Hi team - thank you so much for the amazing image for running containers.
I moved to Linux as my daily driver this year after I was lucky enough to stumble across Aurora. It just made so much sense to me as a newbie. After playing with that for a few months, I wanted to set up a server to run some services from home.
My appreciation:
UCore is set up so well for beginners, with everything I have needed already installed. And the best thing from a noob perspective … I can’t screw it up.
I see posts all the time in other Linux forums and reddit, where some beginner has installed this or that service and suddenly nothing works. I can’t tell you how relaxing it is as a beginner to be using this, knowing that the hard work is already done for me and it’s just going to keep working and stay up to date. (And that my root partition is immutable and cannot be messed with by me 
)
Newbie tip for Podman volume permissions
If you simply copy in a docker-compose.yml file and start a container, most of the time you’ll find that the volumes are set up with some random UID and group ID, and you can’t access them from your core user account. This is something to do with rootless Podman and possibly SELinux.
This took me some days to figure out how to fix it, which I think will help other beginners at the start.

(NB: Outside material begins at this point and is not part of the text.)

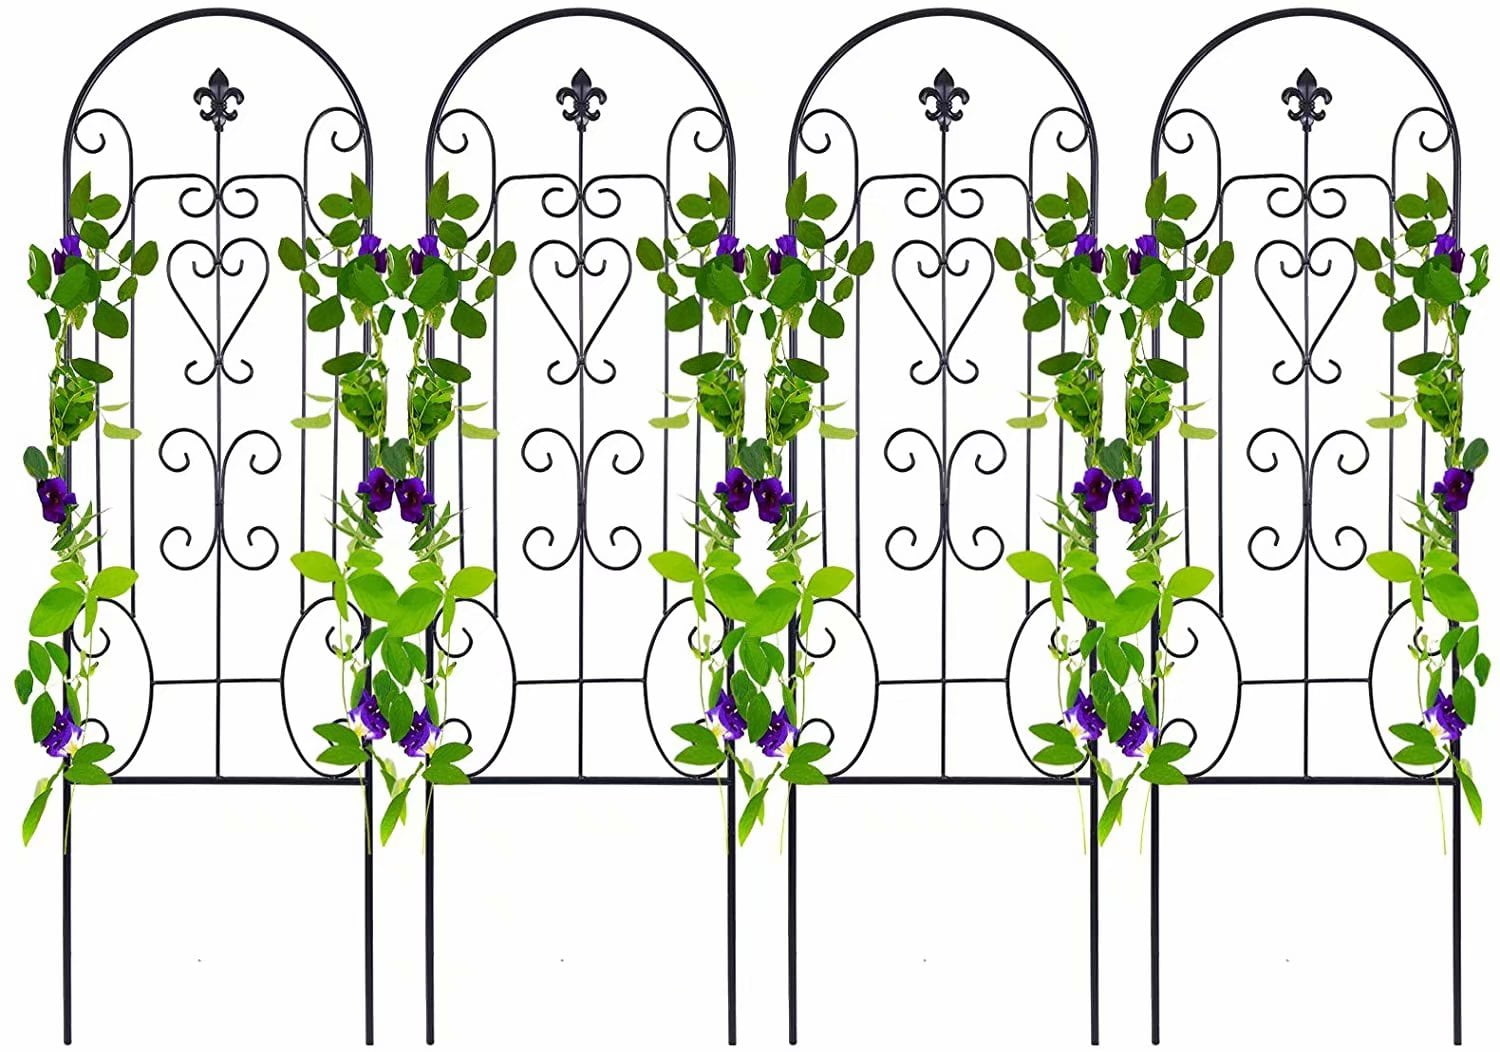 Details about   Garden Trellis for Climbing Plants Black Iron Potted Support Vines Metal Wire

There are three ways to solve this. I’m too much of a beginner to understand why exactly some of these do work or don’t work some of the time, but if you try the three options in order, one of them will fix it. It’s something to do with how the container image is created - some containers work one way, some work another way.
Required
This one is required for anything running in Podman rootless. All of your volumes should be created with :Z at the end of the volume line:
volumes:
- ./config:/app/config:Z
From the docs, this tells rootless Podman to “label the content with a private unshared label. Only the current container can use a private volume.”
Most of the time that will get your volumes created with your current UID/GID.
Option 1
If that doesn’t work, you can add in a .env file with the keep-id option:
export PODMAN_USERNS=keep-id
You can’t add that option into your docker-compose.yml file, as it conflicts with Podman’s --pod option. I needs to be in your environment file.
Option 2
I think some containers require the user inside the container to be root. If the above two steps don’t work, try this one.
In your docker-compose.yml file:
services:
some_container:
user: "0:0"
This tells the container to run as root inside it. Then you need to map your UID/GID to the containers root ID.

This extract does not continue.